Please allow me to involve @Julie-CAO to see if the changes break her testing.

Dawei-Pang avatar Apr 22 '24 07:04 Dawei-Pang

Please allow me to involve @Julie-CAO to see if the changes break her testing.

I will verify on VIRT-AUTO tests, wait a few fours.

Julie-CAO avatar Apr 22 '24 08:04 Julie-CAO

This PR is quite old so I've just rebased it to the latest master.

mdoucha avatar Apr 22 '24 09:04 mdoucha

Please allow me to involve @Julie-CAO to see if the changes break her testing.

I will verify on VIRT-AUTO tests, wait a few fours.

I had two successful runs, I think the PR is ok. @alice-suse , are you also ok with this change? sle15sp6_kvm_on_non_uefi_machine on_UEFI_kermit_on_OSD

Julie-CAO avatar Apr 23 '24 01:04 Julie-CAO

LGTM, and verified for usb install, works too.

alice-suse avatar Apr 23 '24 03:04 alice-suse

LGTM, thank you all!

Dawei-Pang avatar Apr 30 '24 06:04 Dawei-Pang

Thanks all, I think we can merge. Just one thing came to my mind, shouldn't we mention variable also in variables.md ?

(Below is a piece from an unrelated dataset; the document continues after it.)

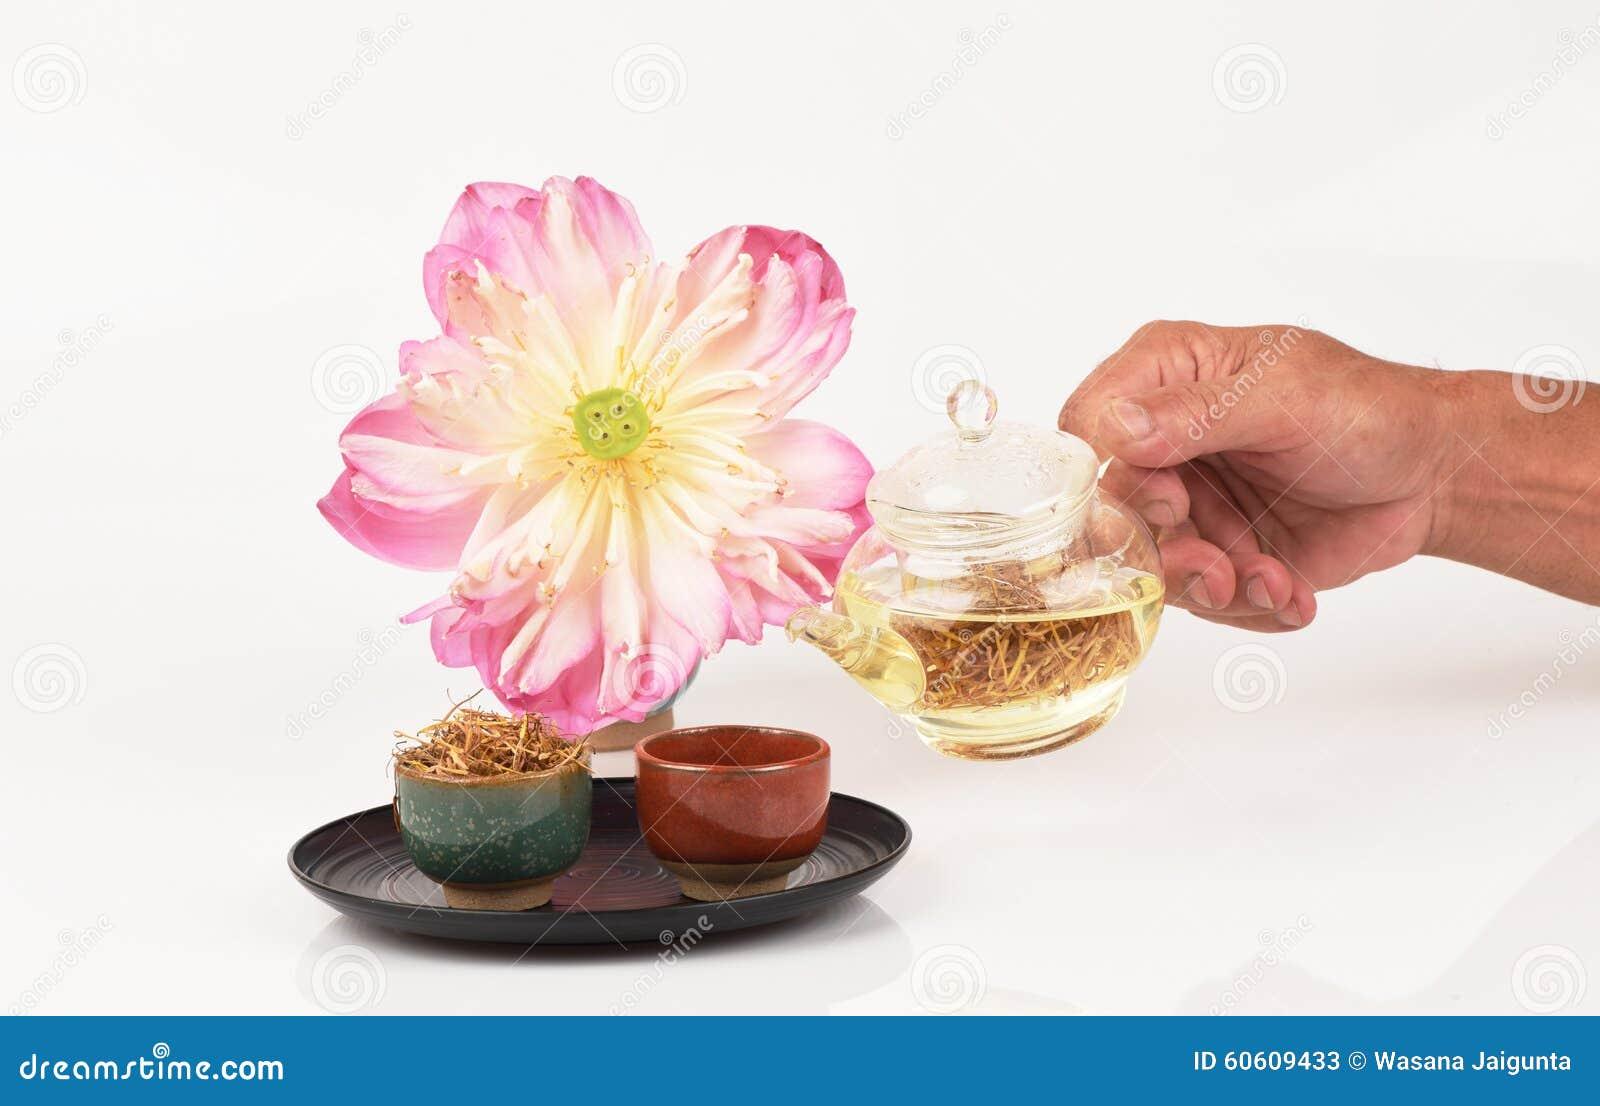 Lotus Stamen Tea Stock Photo Image 60609433

czerw avatar Apr 30 '24 07:04 czerw

Thanks all, I think we can merge. Just one thing came to my mind, shouldn't we mention variable also in variables.md ?

Added variable documentation to variables.md and rebased to latest master. No other changes.

mdoucha avatar Apr 30 '24 13:04 mdoucha